Lesson 7. Bigger isn't always better

The original house plans had the kitchen running clear through from front to back in the new ell. But one lap around the framed space made it clear that anyone preparing meals would be logging miles, too. So we reconfigured the layout, narrowing the food-prep area to make it smaller and more efficient. The rest of the footprint became an office, connected to the kitchen through an open doorway — convenient for those of us who bring our work home and need to fuel up for the extra 2 1/2 hours we put in each day.

Lesson 8. Drawings on paper only take you so far

While we believed the revised kitchen configuration was on the money, it took kitchen designer Kathy Marshall to work out the details. She recommended a walk-through of the layout in three dimensions to double-check the scale and placement of the components. Positioning cardboard boxes and sawhorses to represent the cabinets, counters, and island, we got a sense of just how well the work triangle of range-sink-fridge would function.

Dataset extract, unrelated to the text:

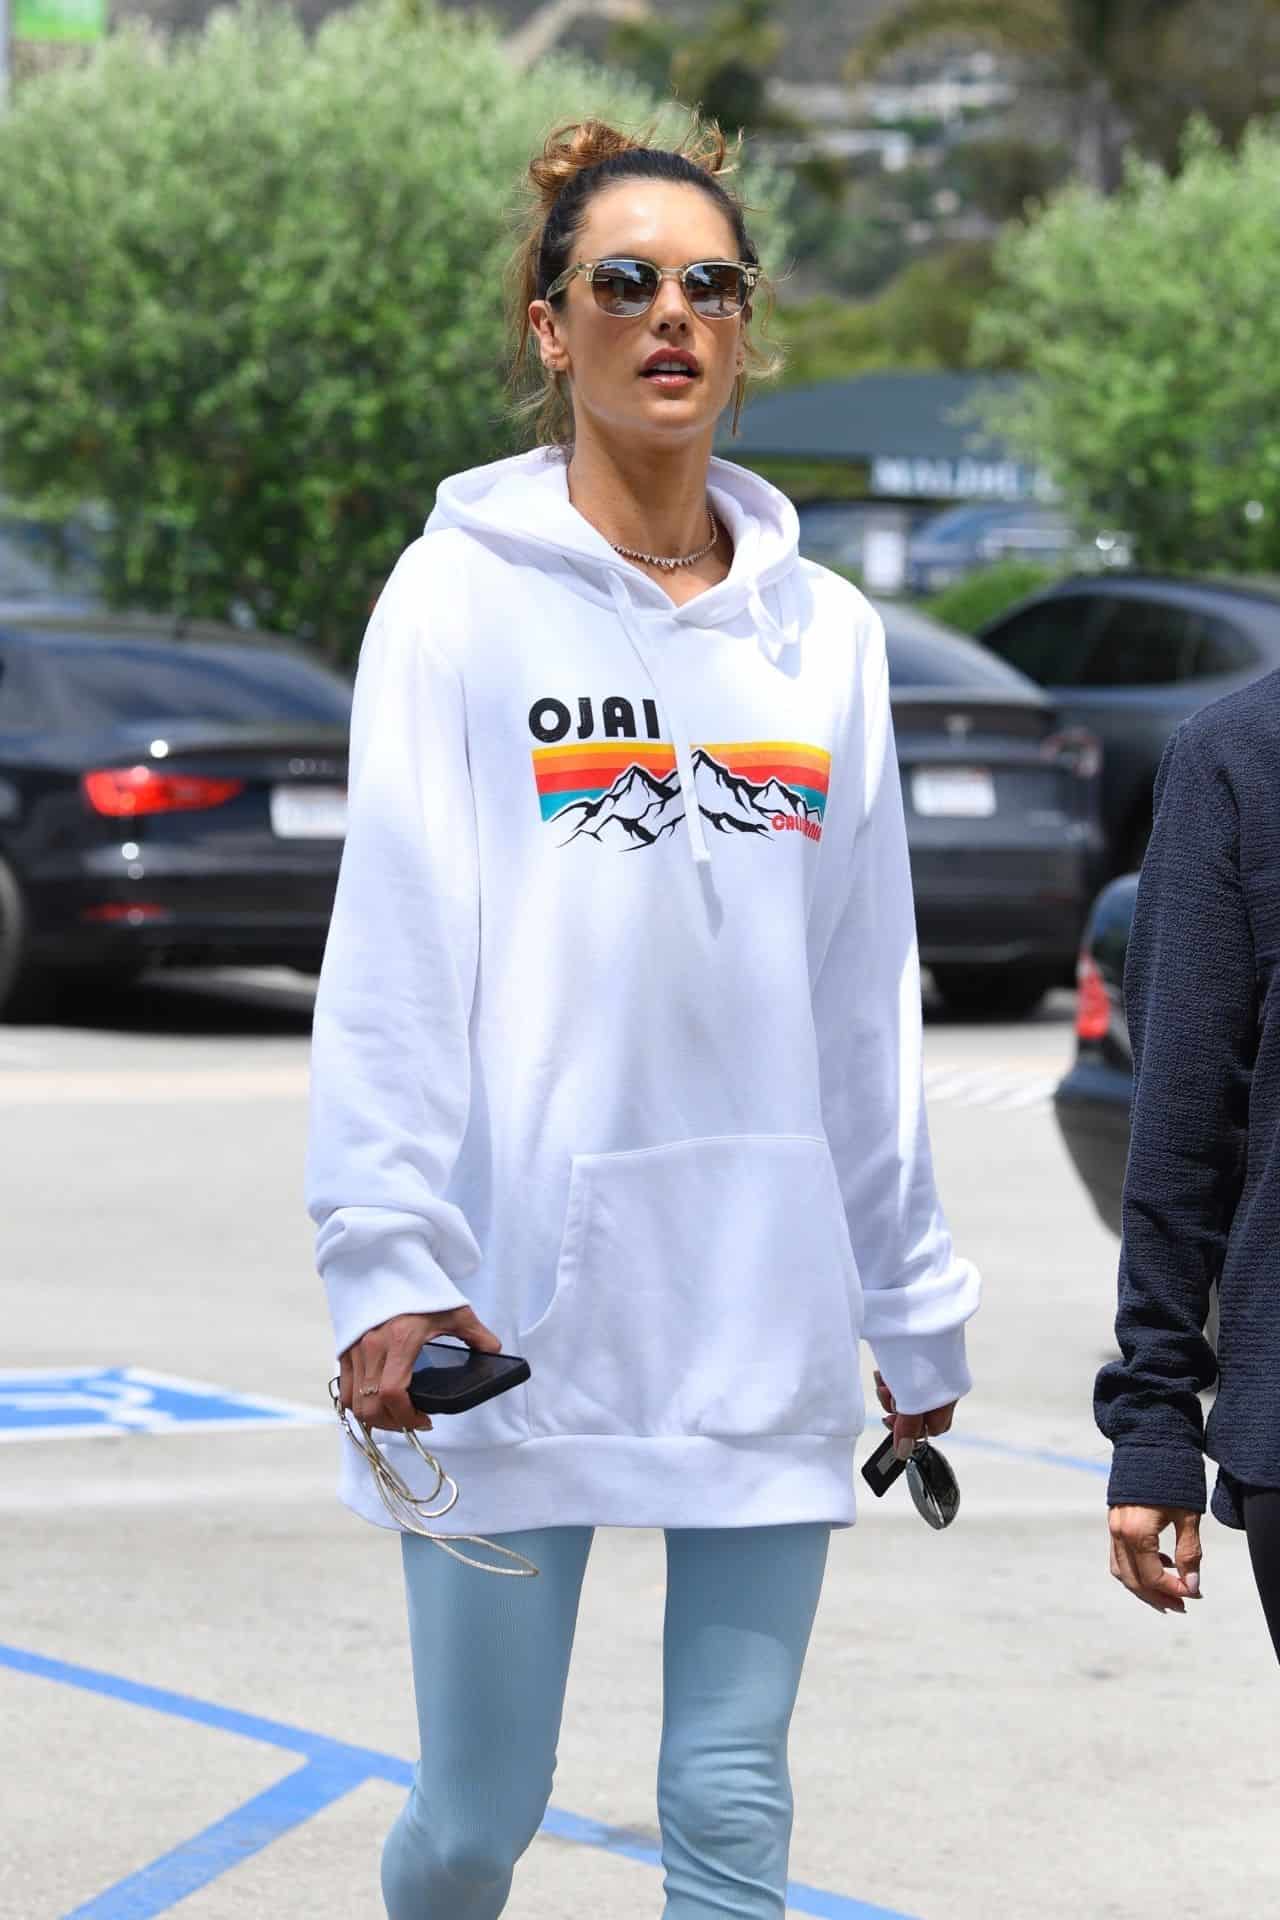 Alessandra Ambrosio Shows Off Her Toned Physique After Pilates Class

We liked it so much, we built it for real.

Lesson 9. Sometimes Plan B is the better one

An early sketch of the master bath included a large linen closet and a tiny shower stall. The longer we lived with the design, the more we had our doubts about it. So we took another look at the whole space, made the linen closet smaller, set the toilet in what was to be the shower cubby, stole some space from the fireplace we decided not to build in the adjacent dining room, and created a spacious new shower.